START Record extracts

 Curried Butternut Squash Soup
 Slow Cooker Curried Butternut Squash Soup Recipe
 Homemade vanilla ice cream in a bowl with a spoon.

END Record extracts
START Record extracts

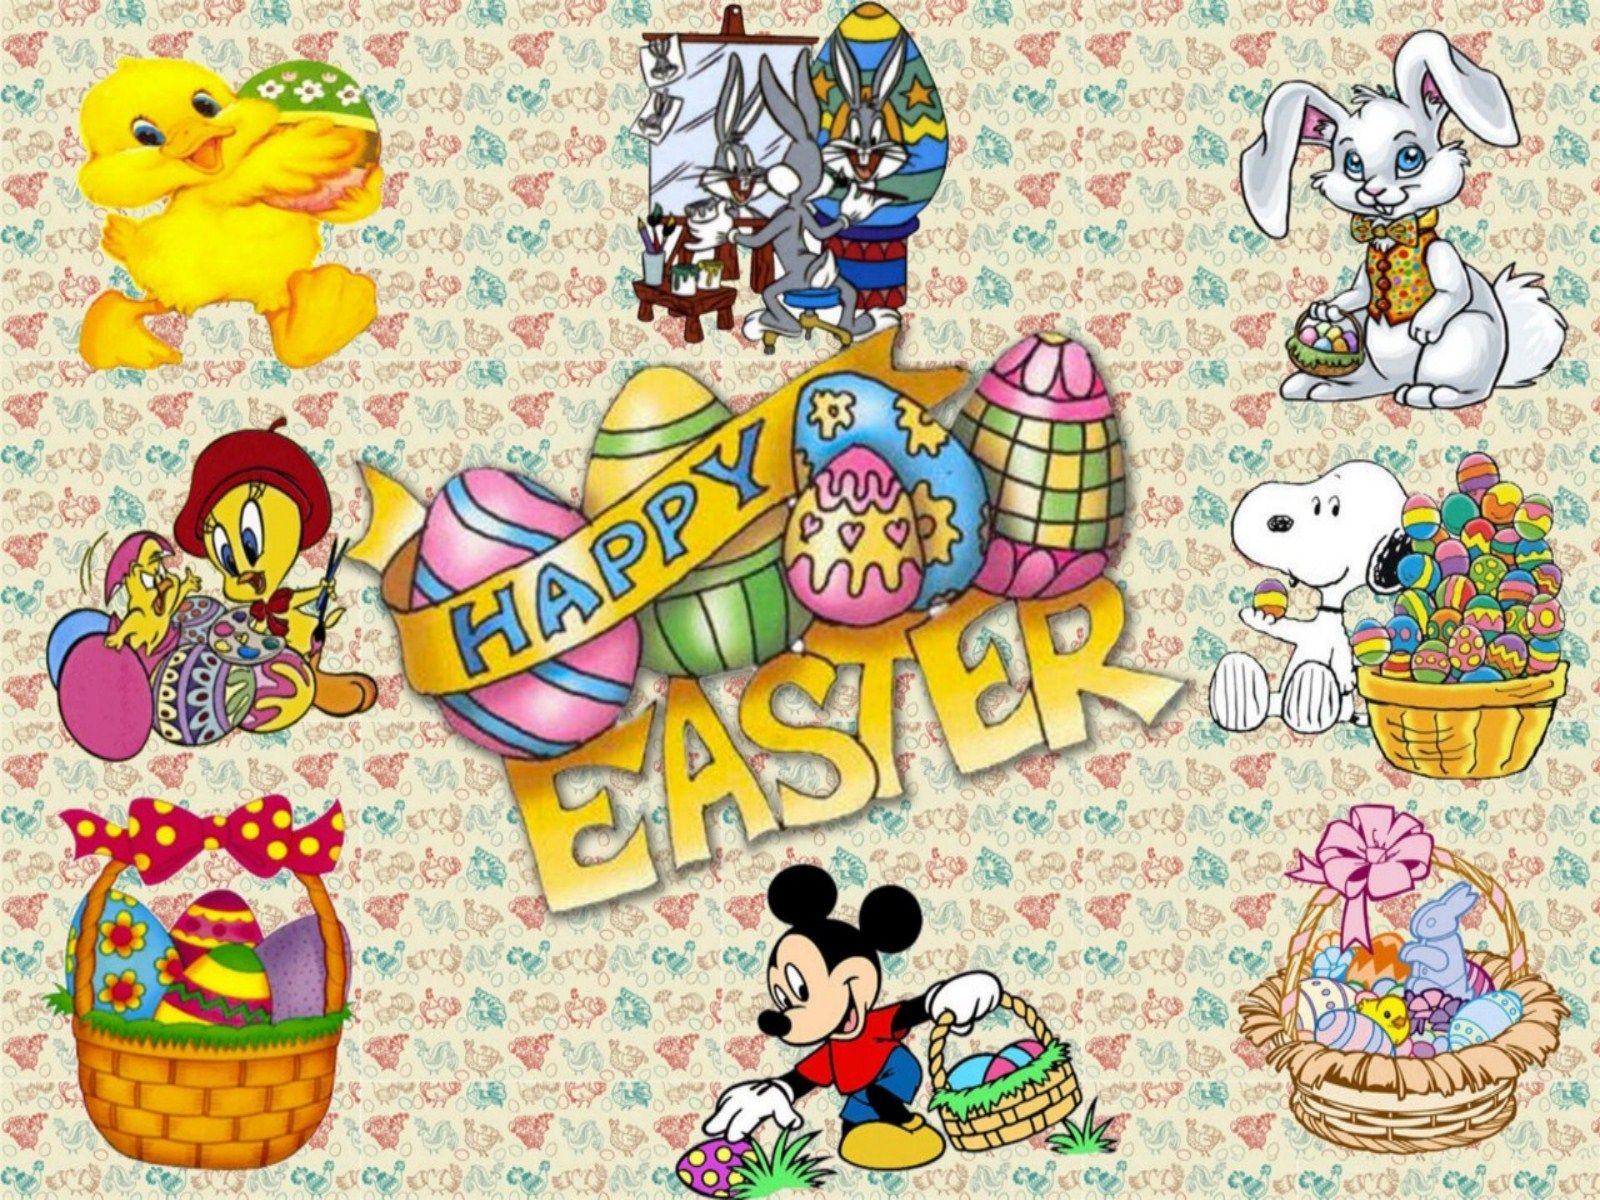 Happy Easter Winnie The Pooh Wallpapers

END Record extracts
START Record extracts

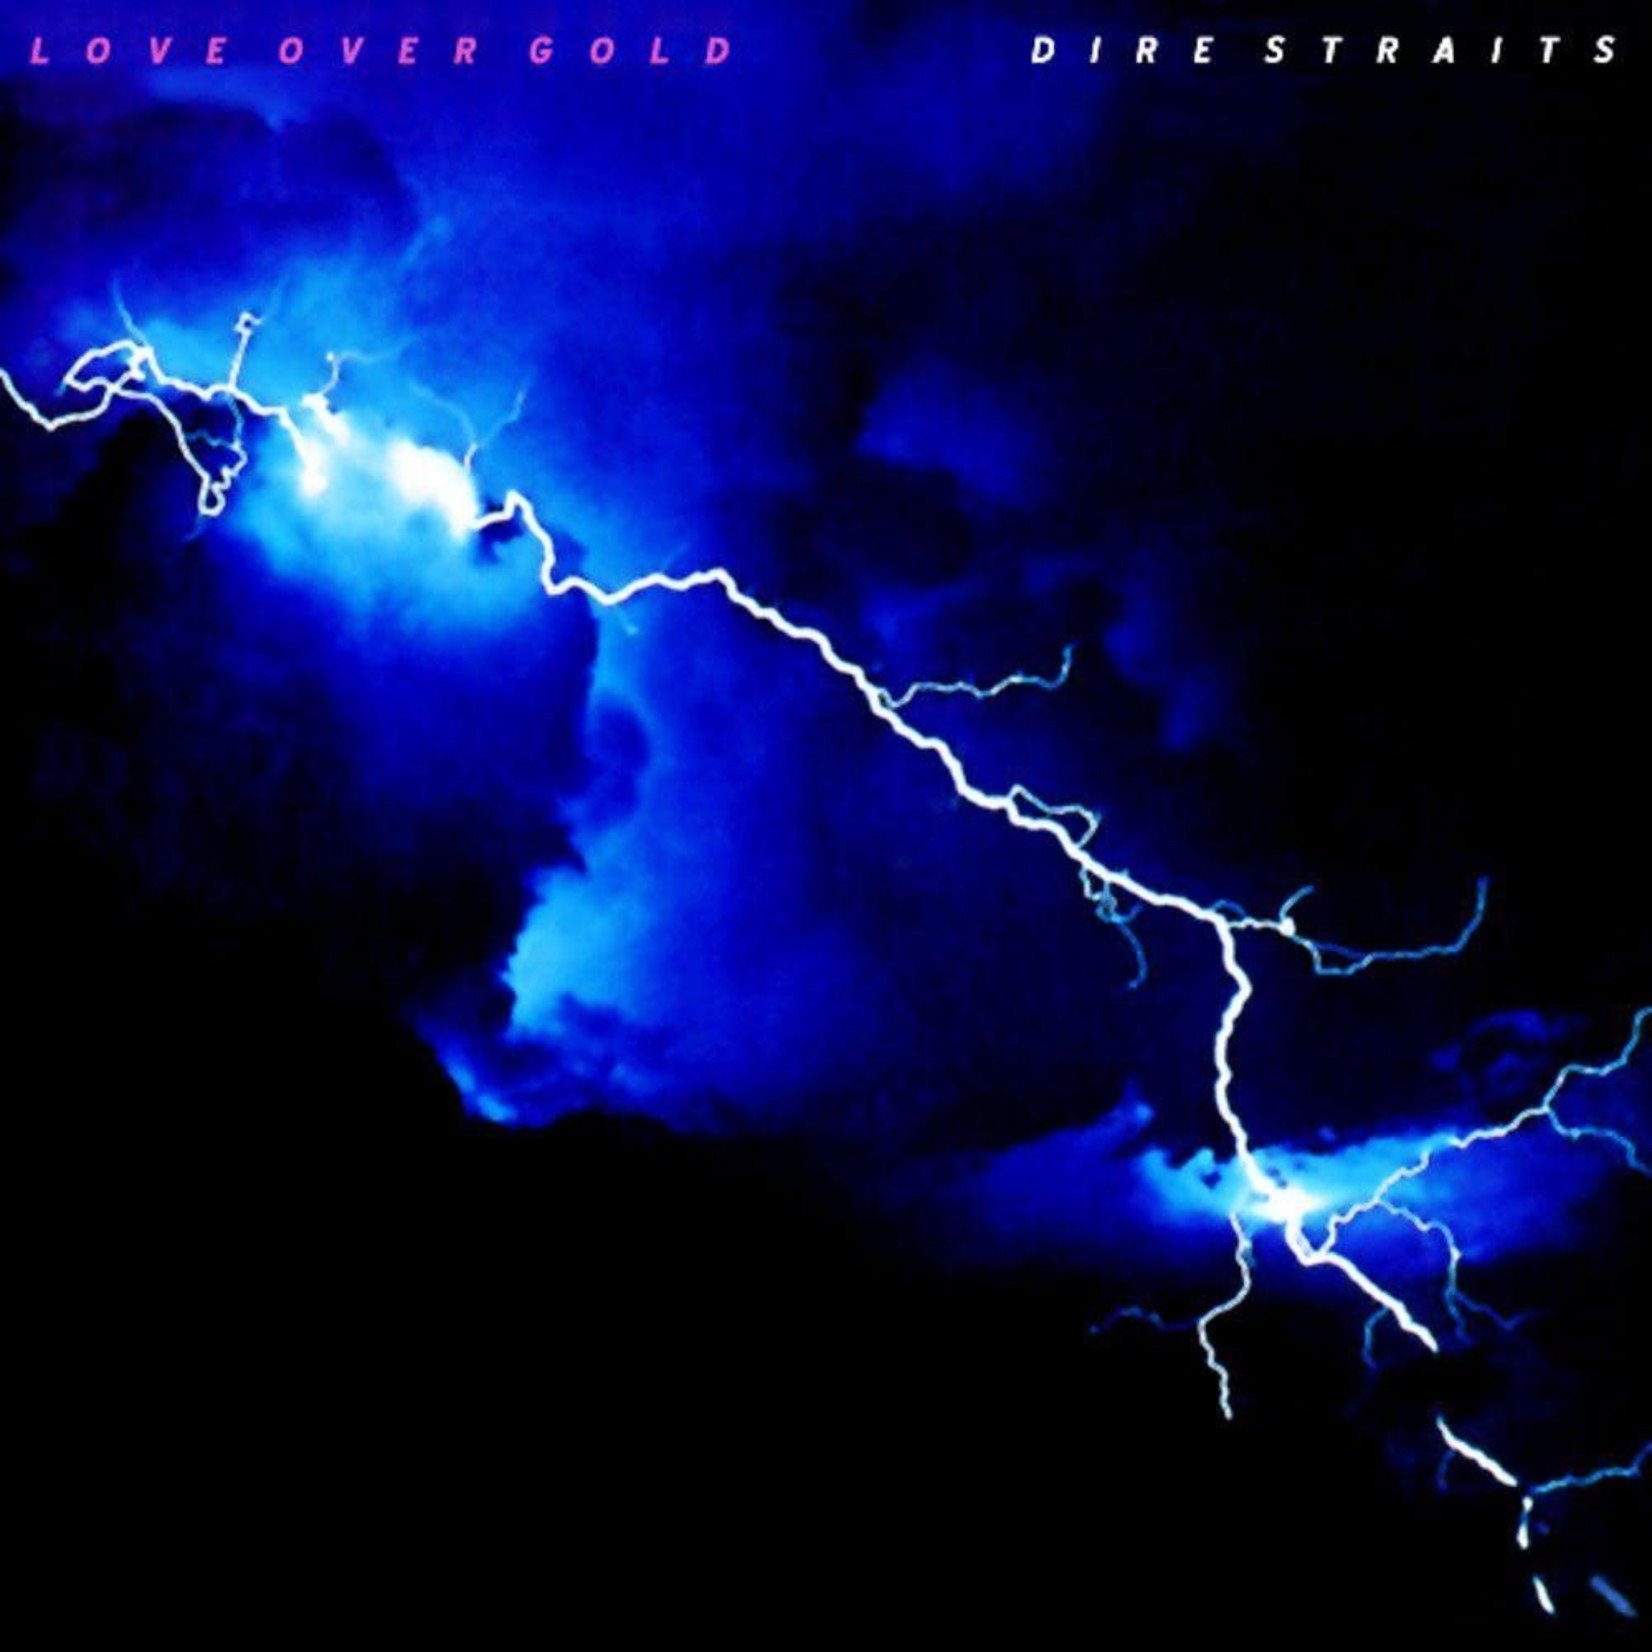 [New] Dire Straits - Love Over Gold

END Record extracts

Your objective: From the data above, output only the lines between the line containing "Slow Cooker Curried" and the line containing "Homemade vanilla ice", inclusive, exactly as written.

Response to this task:
 Slow Cooker Curried Butternut Squash Soup Recipe
 Homemade vanilla ice cream in a bowl with a spoon.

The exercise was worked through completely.